Rethinking Old Depressing Thoughts (Part 1)

So many things have been going through my mind, like different observations about things I notice that I honestly never processed the way I am now. For instance, I have been thinking about states of mind I have been in when I have slipped into deep depressions or when I have gone into my distancing myself mode.

Like have you ever sat back and really looked into why you were thinking the negative or always blaming yourself for things that truthfully probably was not really your fault or was just overthinking the situation and pushed yourself off the edge? Well, I think that I have because today in my mind I keep replaying the thoughts of being not worthy of love.

Yes I said I have been thinking about the thoughts I have had about not being worthy of love. What's wild to me about the thought process I am having now is that I am seeing that I put myself in the rabbit hole of depression behind that. Because if I am honest no one told me I was not worth of love, I told myself that because of the actions of others; but the actions of others is not my fault, that's on them right? 

I allowed myself to down talk how wonderful of a person I am, I loving of a person I am, and overlook all my great qualities because of a bad relationship or a bad break up. It's crazy how one isolated incident or multiple in some people's lives can cause you to think that you are the problem. Now do not get me wrong, sometimes I was the problem, but not all the time; and even if I am the problem it still does not mean I am not worthy of love. 
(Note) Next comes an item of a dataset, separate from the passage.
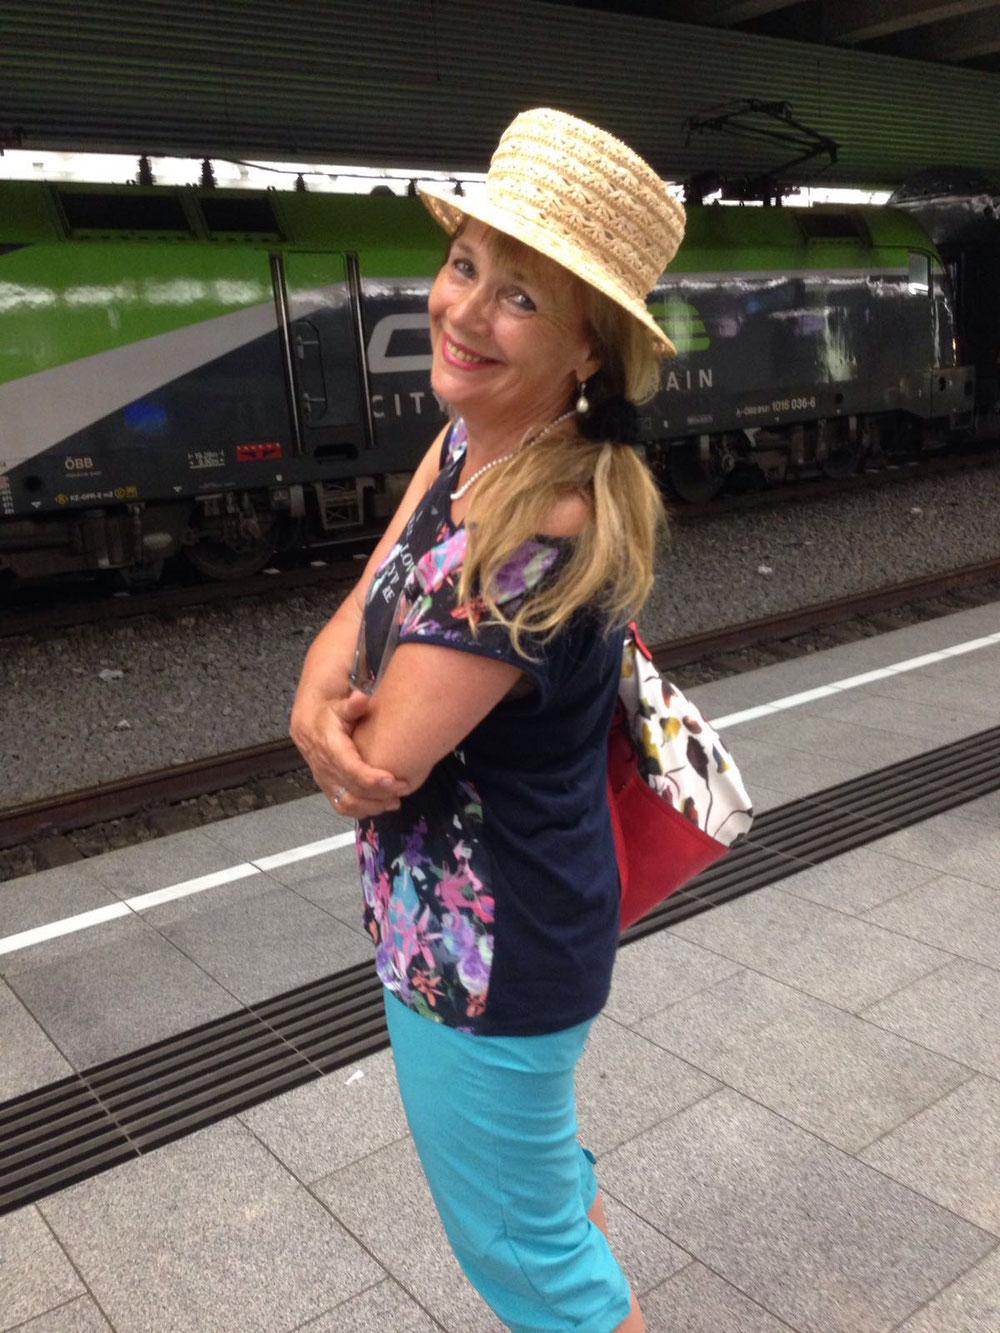 Flughafen Wien Juli 2016

One thing that I have had to realize in my healing process is that my flaws do not make me unloveable or cause me to be incapable to find the love I FEEL I was lacking. Now if you notice in that sentence I said "feel" and the reason for that is because most of us start to think negatively about ourselves based on feelings, not the reality of a situation. For example, my marriage ended and for the longest time I blamed myself for it and felt like it was all my fault certain things happened the way they did, but in reality that was not my fault. Now do not get me wrong it does sometimes take two people for a relationship to fall apart, but in my instance I blamed myself for the mistakes and things my Ex did to me. In the process of having these feelings I started to say "I am unloveable", but looking at it now from the other side of the coin, I am more than worthy of love than I ever realize. 

You see leaving my marriage was an act of love on my part for myself and just because I did not get that love from another person, does not mean I was not getting the love I deserve or needed. Loving me above anyone else is a type of love that many women forget about when they get lost in their relationship and/or partner; but we have to remember we have to LOVE ourselves first. So tonight, thinking about this thought of not being worthy of love, I actually laughed at myself because truthfully the decision I made almost 3 years ago was the biggest act of love I have ever done for me showing that I am worth it. 

Sometimes making the hard decisions shows you how much you really LOVE you; and this experience of telling myself to see the other side of the coin has made me really look at my life experiences a lot different. Maybe there really is a positive side to some of the darkest moments in your life because I am starting to see my life through different lenses for once.